_PROBLEM DESCRIPTION_
The part below that opens with the line containing "Burberry - Small" and closes with the line containing "direktiven 2002/20/EG, 2002/21/EG, 2002/22/EG" should be copied exactly, minus any pictures.

_SOURCE MATERIAL_
####################

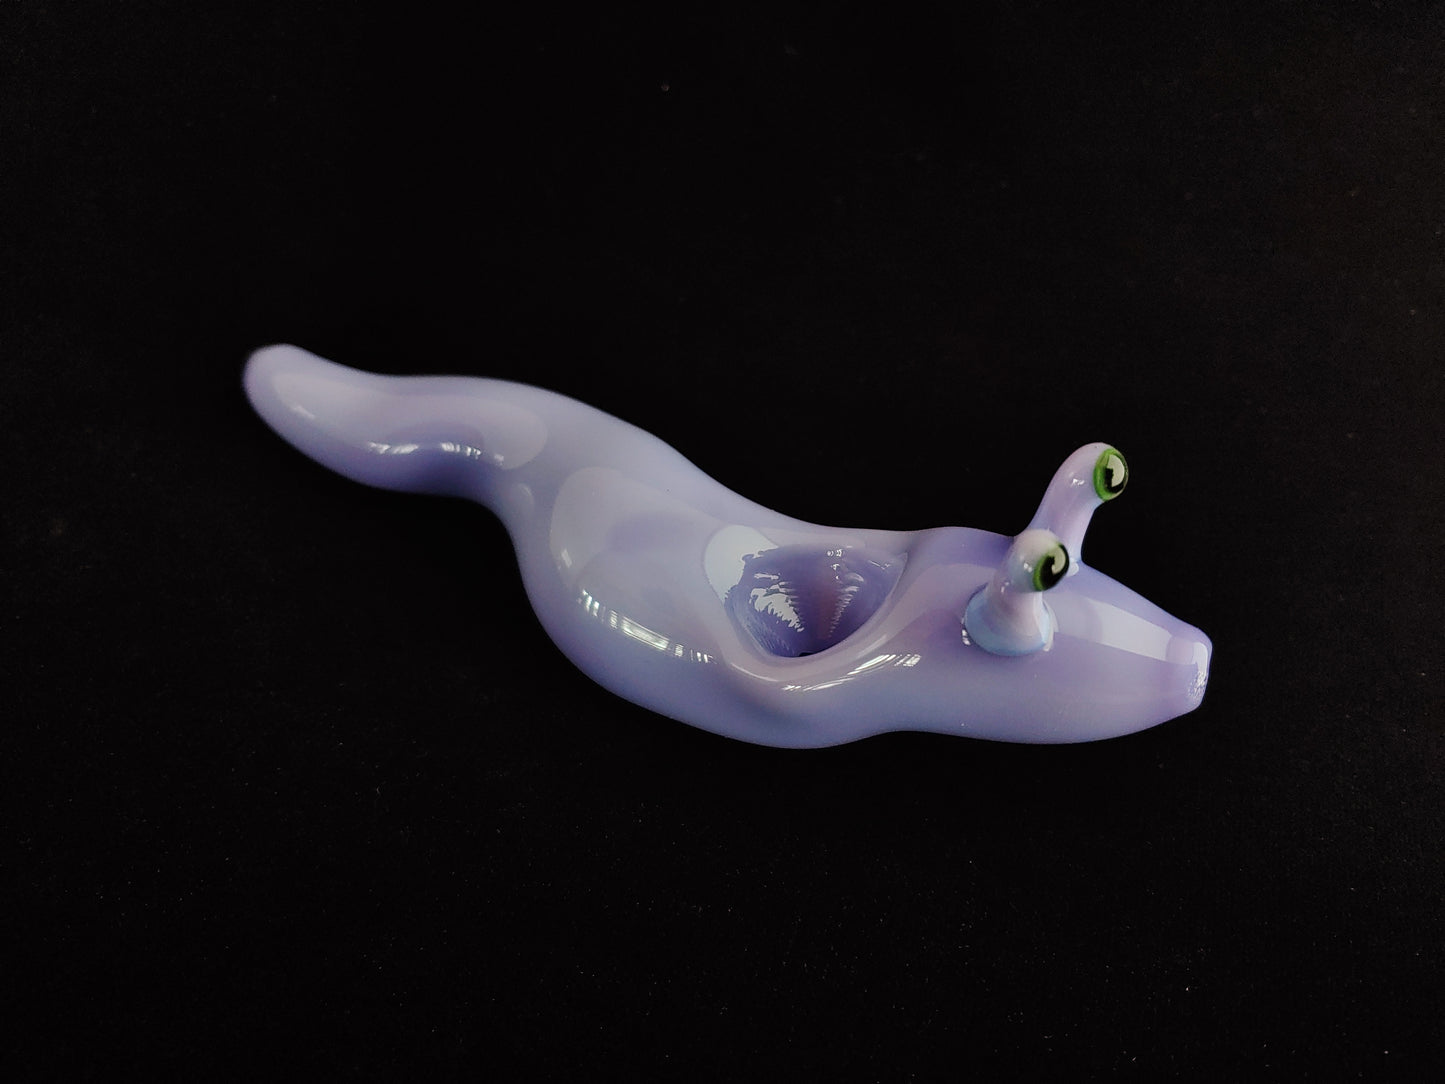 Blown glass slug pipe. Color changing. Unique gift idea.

####################

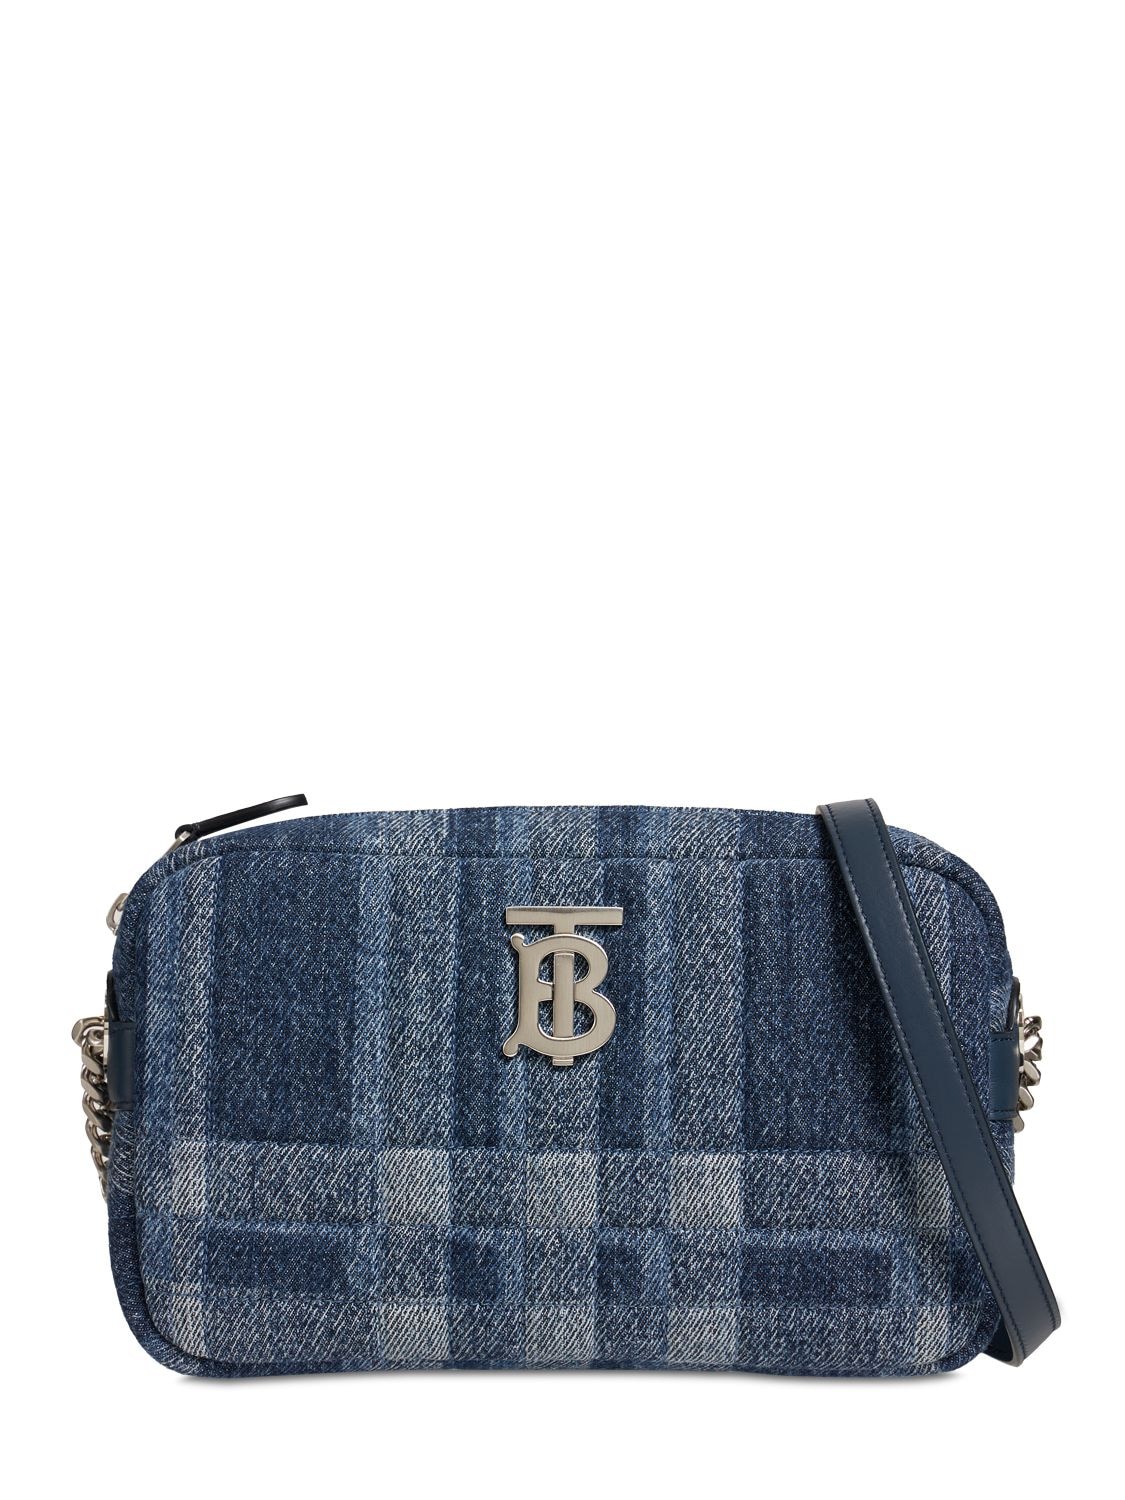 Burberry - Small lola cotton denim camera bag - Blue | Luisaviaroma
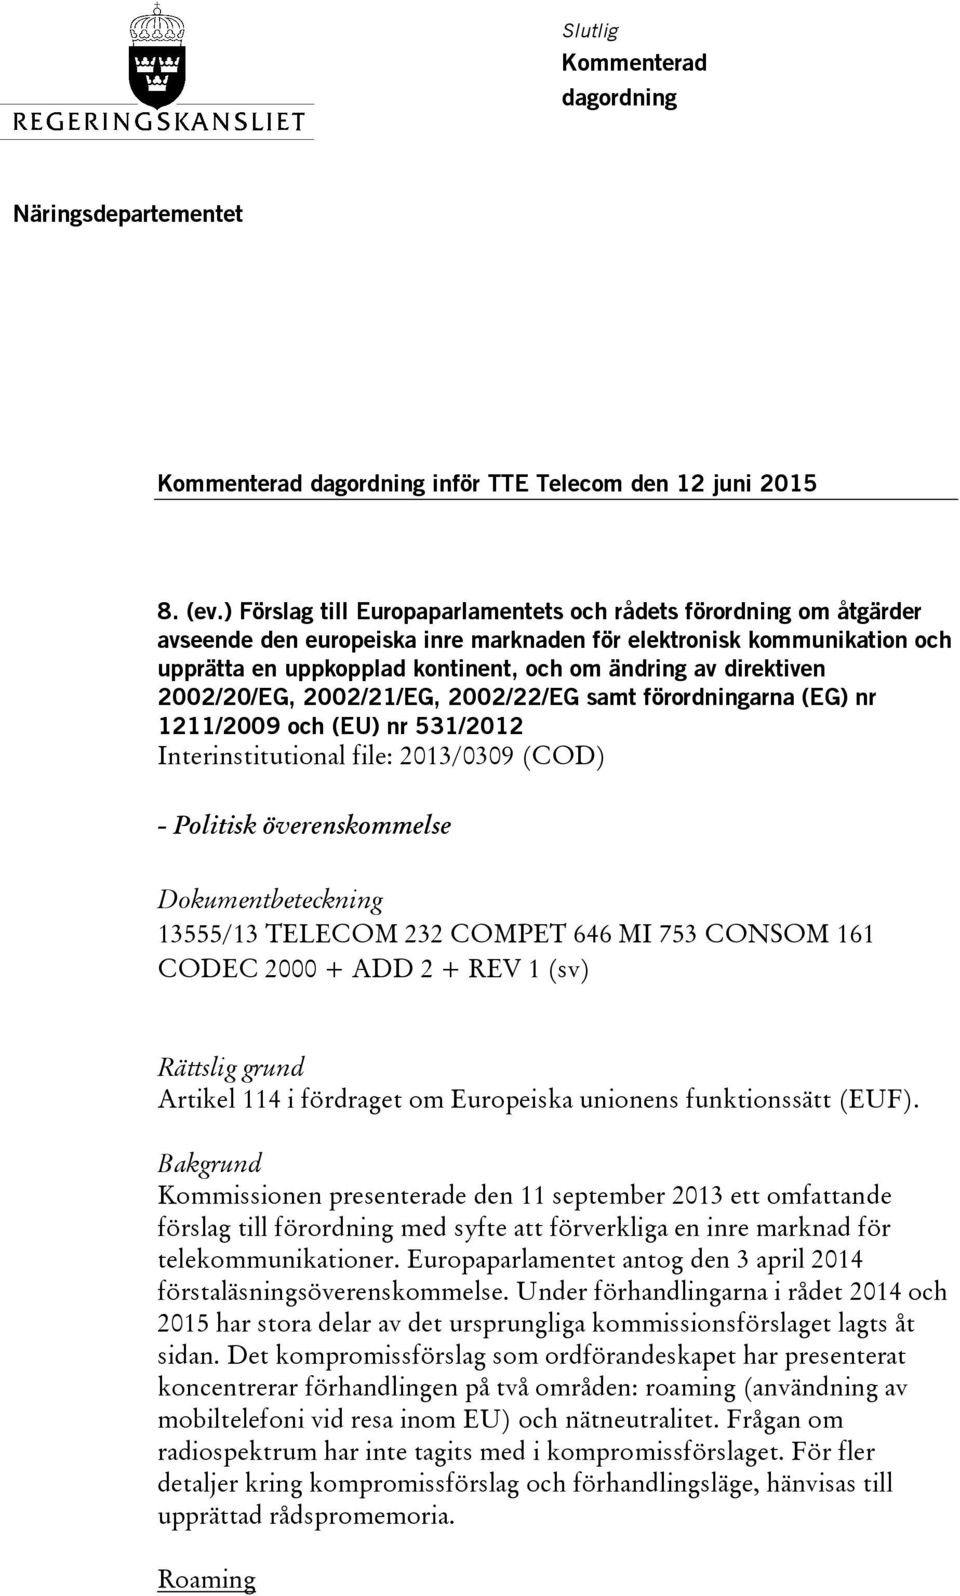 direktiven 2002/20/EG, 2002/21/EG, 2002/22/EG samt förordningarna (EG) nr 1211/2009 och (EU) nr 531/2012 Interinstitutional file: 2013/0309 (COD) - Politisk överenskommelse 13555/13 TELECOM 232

####################

_RESPONSE_
 Burberry - Small lola cotton denim camera bag - Blue | Luisaviaroma
 direktiven 2002/20/EG, 2002/21/EG, 2002/22/EG samt förordningarna (EG) nr 1211/2009 och (EU) nr 531/2012 Interinstitutional file: 2013/0309 (COD) - Politisk överenskommelse 13555/13 TELECOM 232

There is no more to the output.